“Drysdale, I sha'n't go with you to Abingdon fair to-morrow.”
“Hullo! what, has the lovely Patty thrown you over?” said Drysdale, turning from the cupboard, and resuming his lounge on the sofa.
“No.” he sank back into the chair, on the arms of which his elbows rested, and put his hands up before his face, pressing them against his burning temples.

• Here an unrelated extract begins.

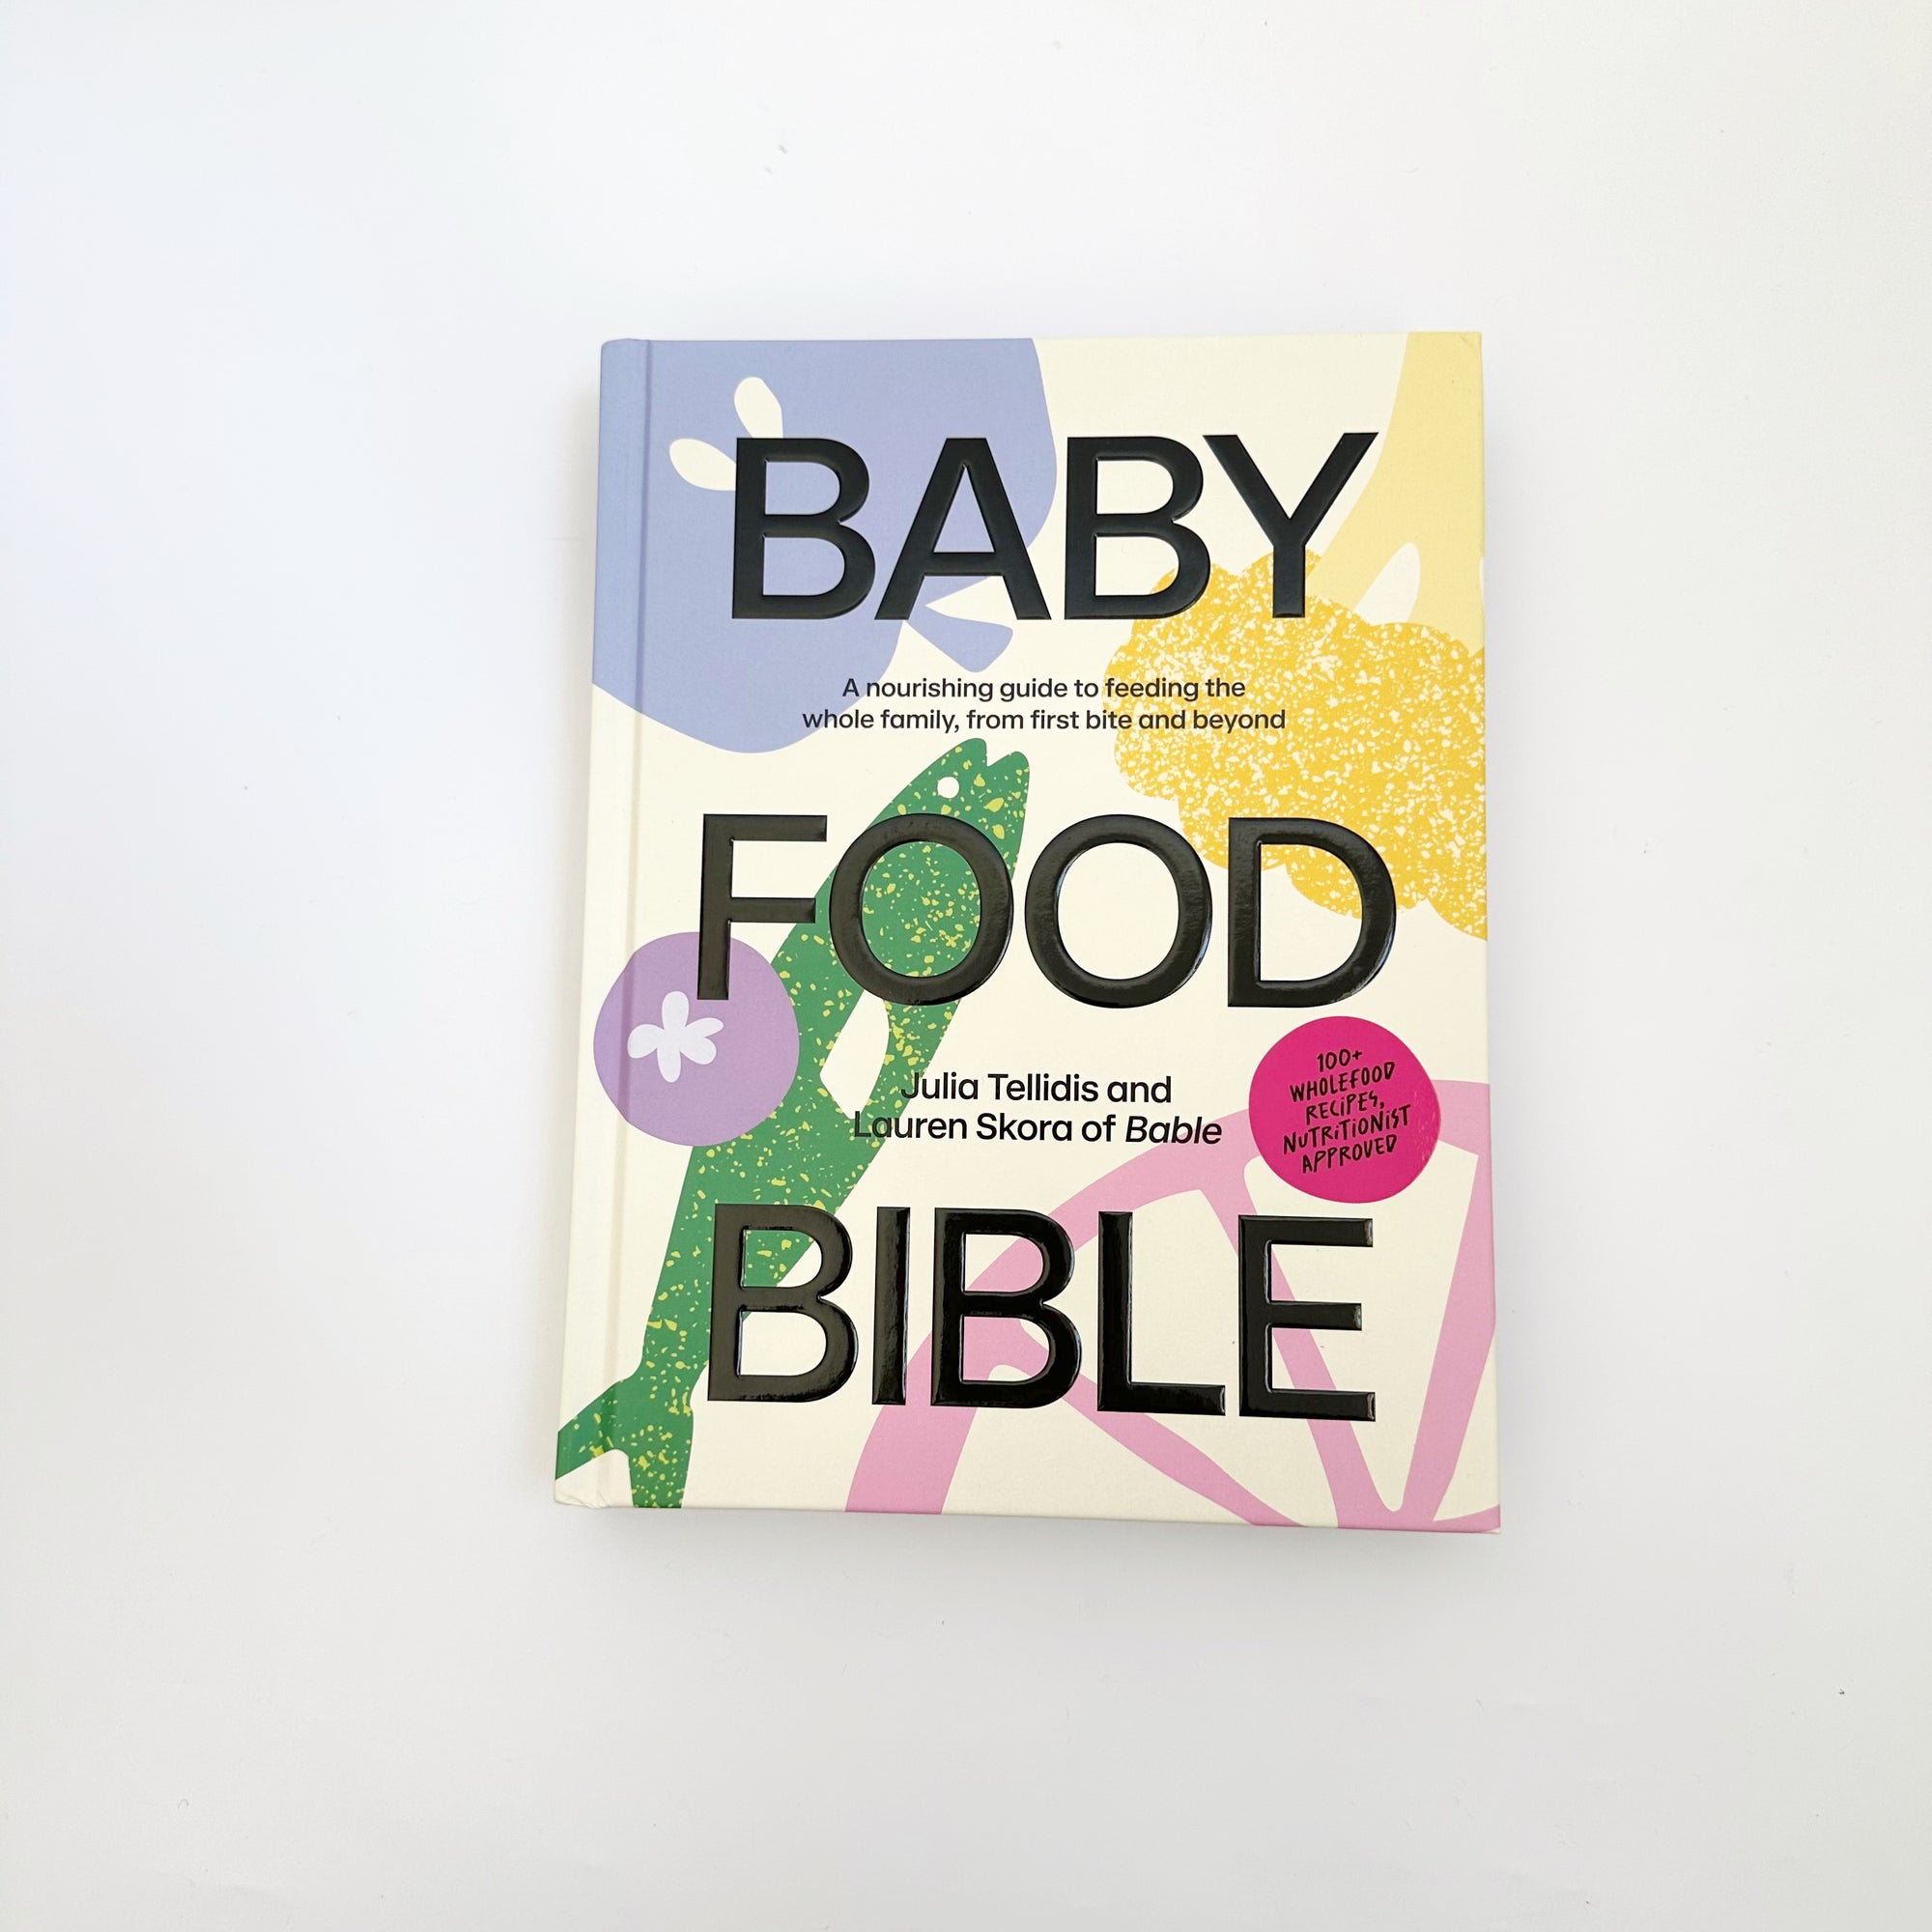 BABY FOOD BIBLE

Drysdale looked at him hard, but said nothing; and there was a dead silence of a minute or so, broken only by Tom's heavy breathing, which he labored in vain to control.
“No,” he repeated at last, and the remaining words came out slowly as they were trying to steady themselves, “but, by God, Drysdale I can't take her with you, and that—” a dead pause.
“The young lady you met to-night, eh?”
Tom nodded, but said nothing.
“Well, old fellow,” said Drysdale, “now you've made up your mind, I tell you, I'm devilish glad of it. I'm no saint, as you know, but I think it would have been a d—d shame if you had taken her with us.”
“Thank you,” said Tom, and pressed his fingers tighter on his forehead; and he did feel thankful for the words, though coming from such a man, they went into him like coals of fire.
Again there was a long pause, Tom sitting as before.
Drysdale got up and strolled up and down his room, with his hands in the pockets of his silk-lined lounging coat, taking at each turn a steady look at the other. Presently he stopped, and took his cigar out of his mouth. “I say, Brown,” he said, after another minute's contemplation of the figure before him, which bore such an unmistakable impress of wretchedness, that it made him quite uncomfortable, “why don't you cut that concern?”